El joven, aún mirando a sus agresores
se sujetó el costado sintiendo poco a poco la falta de adrenalina que el
abandonaba y el mareo del cansancio por el momento. Tenía sueño, hambre y
dolor. No podía creerse que hubiese vuelto a la misma situación que un día
antes. Su cuerpo no soportaría tantos vaivenes. Se tambaleó unos instantes y se
volvió al desconocido que se acercaba a él con el mosquete aún en las manos,
echando humo y apestando a pólvora.
—Está claro que no puedo dejaros solo.
Apenas unas horas y casi conseguís que os maten. —Decía Louÿe descubriéndose
tras el sombrero. No era necesario, pues se habían reconocido desde la
distancia—. ¿Y si llego a tardar unos minutos más? ¿Hum? ¿Tendría que haber
rescatado vuestra cabeza de un saco? —Su tono era de un enfado casi propio. No
quedaba muy claro con quien estaba enfadado—. Estos bastardos han estado a
punto de matarte, por tu cabezonería. Si hubieses aguardado en la posada, nada
de esto hubiera pasado.
Louÿe miró alrededor visualizando el
panorama con una mueca de desagrado. El caballo de Armand agonizaba en el suelo
y el suyo no estaba muy diferente. Los dos mosqueteros no eran más que cuerpos
tendidos y ensangrentados. Varios mosquetes por el suelo, dos espadas. El botín
era tentador pero Louÿe no veía nada más que una desgracia que se había evitado
por muy poco.
—Esconderemos los cuerpos en la
maleza. No me atrevo a tirarlos al río, aunque para cuando alguien los saque de
él puede que ya ni se reconozcan.
Armand pensó en la historia del lobo y
los siete corderos, donde la madre de estos abría el vientre del lobo, lo
llenaba de piedras y lo tiraba al río para que no flotase. Pero no dijo nada
porque seguía tan tembloroso que apenas sí sabía si podía respirar con
regularidad.
—Podemos llenarles los pantalones de
piedras, y tirarlos al rio. —Dijo entonces Louÿe llamando la atención del joven
que por primera vez se dignaba a mirarle a los ojos. Esto suavizó la expresión
de ambos pero fue el mayor el que primero volvió a su ensimismamiento—. Nos quedaremos
sus caballos y sus cosas. Las que necesitemos. Tampoco quiero ir llamando la
atención.
Como el joven no decía nada, el mayor
se volvió a él con más rotundidad.
—¡Está todo infestado de mosqueteros
buscándote! Ya no es seguro ir a ciudades, ni por caminos concurridos, y menos
por ahí solo con solo un puñal y un mosquete descargado. ¡Nuestro general nos
ha enviado a buscarte! ¡Ahora no solo el cardenal es un peligro! Cualquiera que
tenga ojos y te reconozca esta autorizado para reclamar la recompensa. ¡A mí me
han enviado aquí a buscarte! Saben que debes estar por aquí.

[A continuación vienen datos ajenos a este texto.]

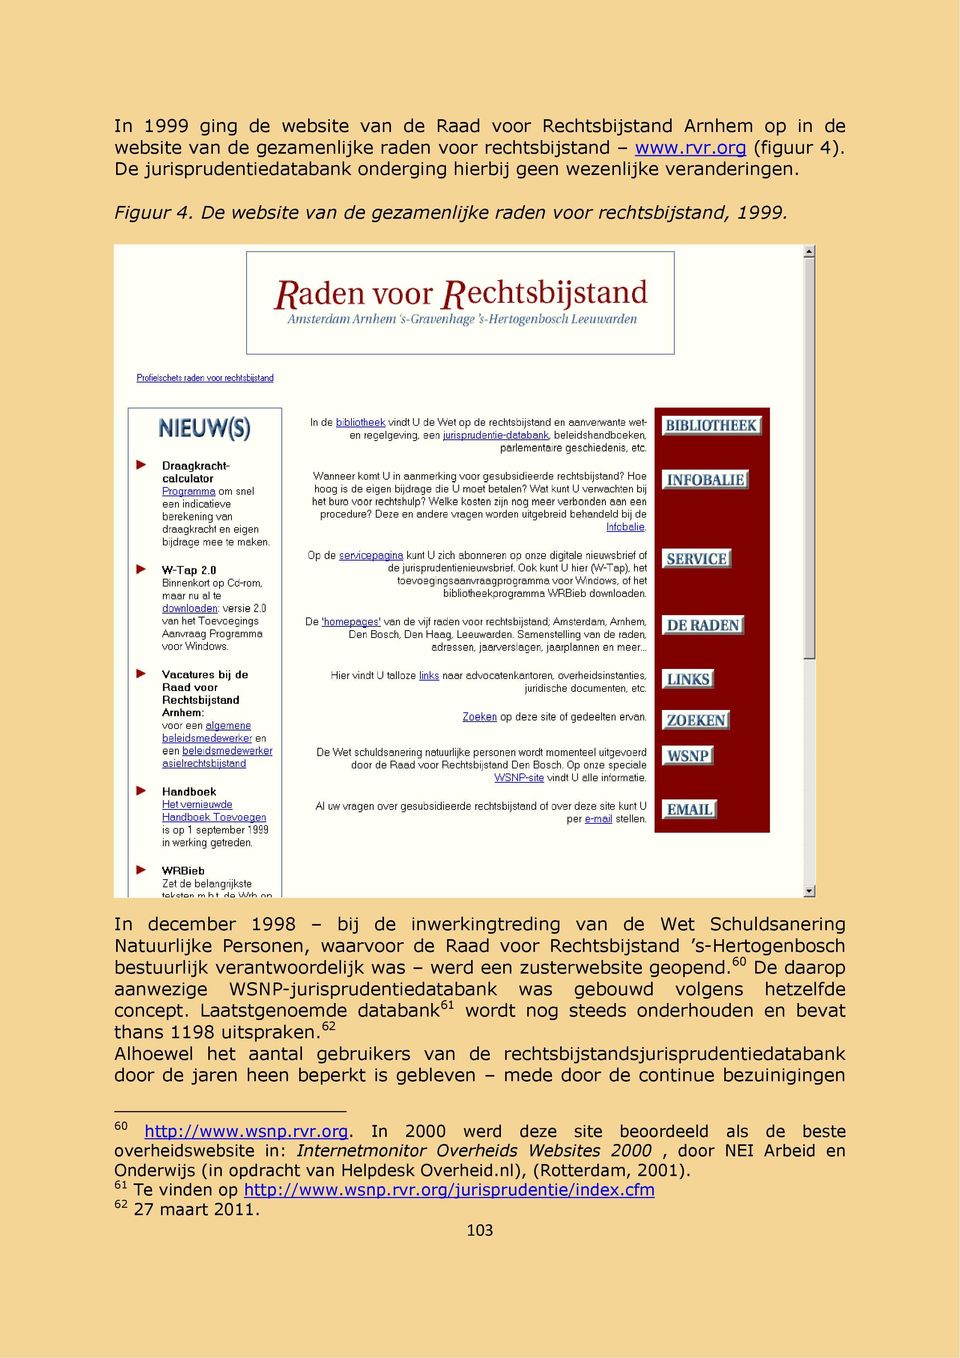 In december 1998 bij de inwerkingtreding van de Wet Schuldsanering Natuurlijke Personen, waarvoor de Raad voor Rechtsbijstand s-hertogenbosch bestuurlijk verantwoordelijk was werd een zusterwebsite

—¿Vas a cobrar la recompensa?
—Preguntó el joven rompiendo su silencio asustado por las palabras del mayor
pero altivo y orgulloso de que él estuviese allí tras confesar que le han
enviado para buscarle.
El mosquetero se volvió a él más
ofendido que sorprendido y se limitó a soltar un bufido como respuesta. Se
acercó a uno de los mosqueteros del Cardenal y le despojó de la espada clavada
en su pecho y el mosquete. Le llenó los pantalones de piedras y poco a poco lo
arrastró hasta la ladera. Lo soltó en el agua y vio como se mantenía a flote
unos segundos y después se sumergía poco a poco siendo arrastrado un poco por
la corriente. Al segundo mosquetero le quitó el mosquete y la espada, pero
también la cuera y la camisa. Todo ello lo puso en un montón y repitió el
proceso, esta vez algo menos dubitativo. Lo lanzó al río mucho menos cuidadoso
que con el primero y reunió a los dos caballos útiles ataviándolo con las
nuevas pertenencias y las suyas anteriores. El agua, el macuto, su propia
espada, y todas sus pertenencias. La cuera y la camisa las guardó dentro de su
macuto y cuando hubo terminado se quedó mirando como el joven comenzaba a
imitarle, haciéndose con uno de los dos caballos y ataviándolo con sus pocas
pertenencias. Se hizo con el mosquete de uno de los dos atacantes porque no
quería ponerse a buscar el suyo, una de las espadas, y pasó sus pocas
pertenencias al nuevo caballo, ajustándolas al cinto de este. Las manos le
habían empezado a temblar después de la adrenalina y por poco no se desvanecía
en aquél instante. El mayor apareció por su lado, apretándole la correa del
macuto a su caballo y el joven se apartó algo temeroso. El mayor le devolvió el
puñal que había extraído de uno de los dos cuerpos.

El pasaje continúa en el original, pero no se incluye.